8
Yorum
35
Beğeni
5,0
Puan
407
Okunma

Rüzgâr kulağımı yardı
ve gece orada durdu.
Gökte tek yıldız maviye boyandı,
yüreğimden yanık şiirler geçti
zerre zerre,
sırtlarında kızıl kor taşıyan kervanlar gibi.

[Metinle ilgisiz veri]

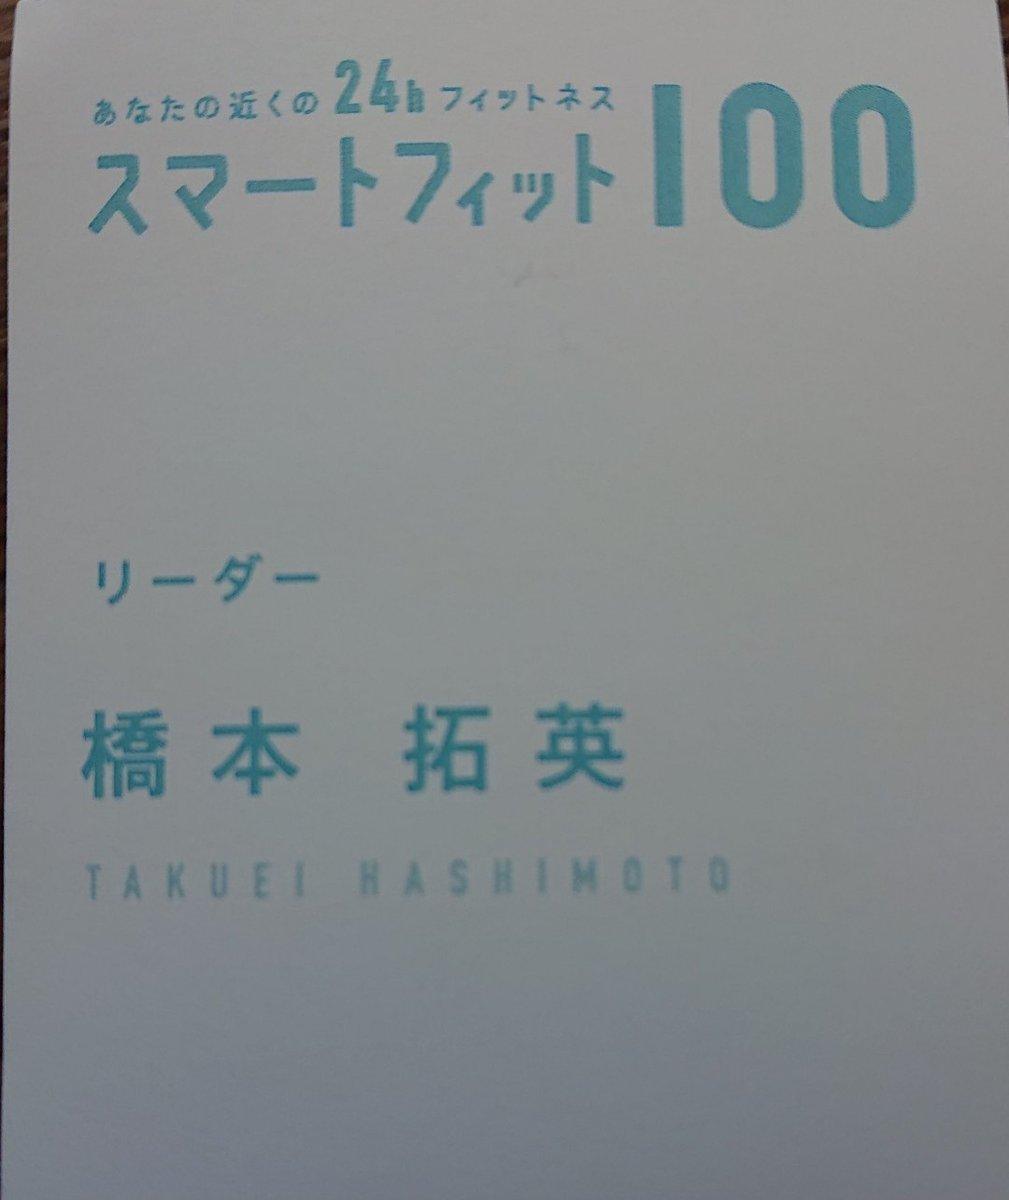 100 リアルタイム ツイッター 保存

İlk durakta ezilmiş bir böğürtlen,
parmaklarımda kalan renk
sanki bir mevsim geçişi.
Rüzgâr hâlâ keskin, evet,
ama otların arasından
bir serçe düştü gölgeme;
kaçmadı.
Dünya, o an,
biraz olsun kendine benzedi.
Sesimin içinde
uzak bir sabah çıtırtısı.
Önümde ıssız bir coğrafya,
alnımda ince bir çizgi.
Defterime eğildim sonra.
Harfler,
italik bir yüz taşıdı
cemalim ormanında;
yüksek ses istemeyen bir yerden
dilsiz bir sükûtla baktı bana.
Derken bir destan arayışı
Derken yorgun yolcunun şehri,
bitimsiz bir geceyi omuzlarında.
Derken hiç kararmamış o ay feneri,
uzaktan,
lem’âsıyla bana doğru akıyormuş gibi.
Kentin eski liman kapısından
bir tren sesi kalkar.
Bakıyorum,
menzil birdenbire bana soyunur.
Denizin ezgisi
avluda dolaşır şimdi.
Ayağımın altında
tarih kitabından düşmüş bir kelime.
Birdenbire çıkıyorum sessiz yuvadan,
uzak bir iklimden
yalnızca bir dem almak için.
Adımlarım sarsak.
Kızıl bir hüzün kanar içimde.
Mest olmuş zaman,
bir perdah gibi yaldızlar sessizliği.
Sabah erken geldi bu kez.
Pencerenin önünde
bir şey yer değiştirdi,
sessizdi sadece.
Gökyüzü açıktı;
sanki her şey
olduğu yerde kalabilirdi.
Uzaklık duruyordu hâlâ,
yudumladığım iklimden.
Bir cümle geçerken içimden
bozulmadı adımlarım
Ve rüzgâr,
yolumdan geçti.
Bir hâb kadar yavaş,
bir lâl kadar derin.
5.0
100% (20)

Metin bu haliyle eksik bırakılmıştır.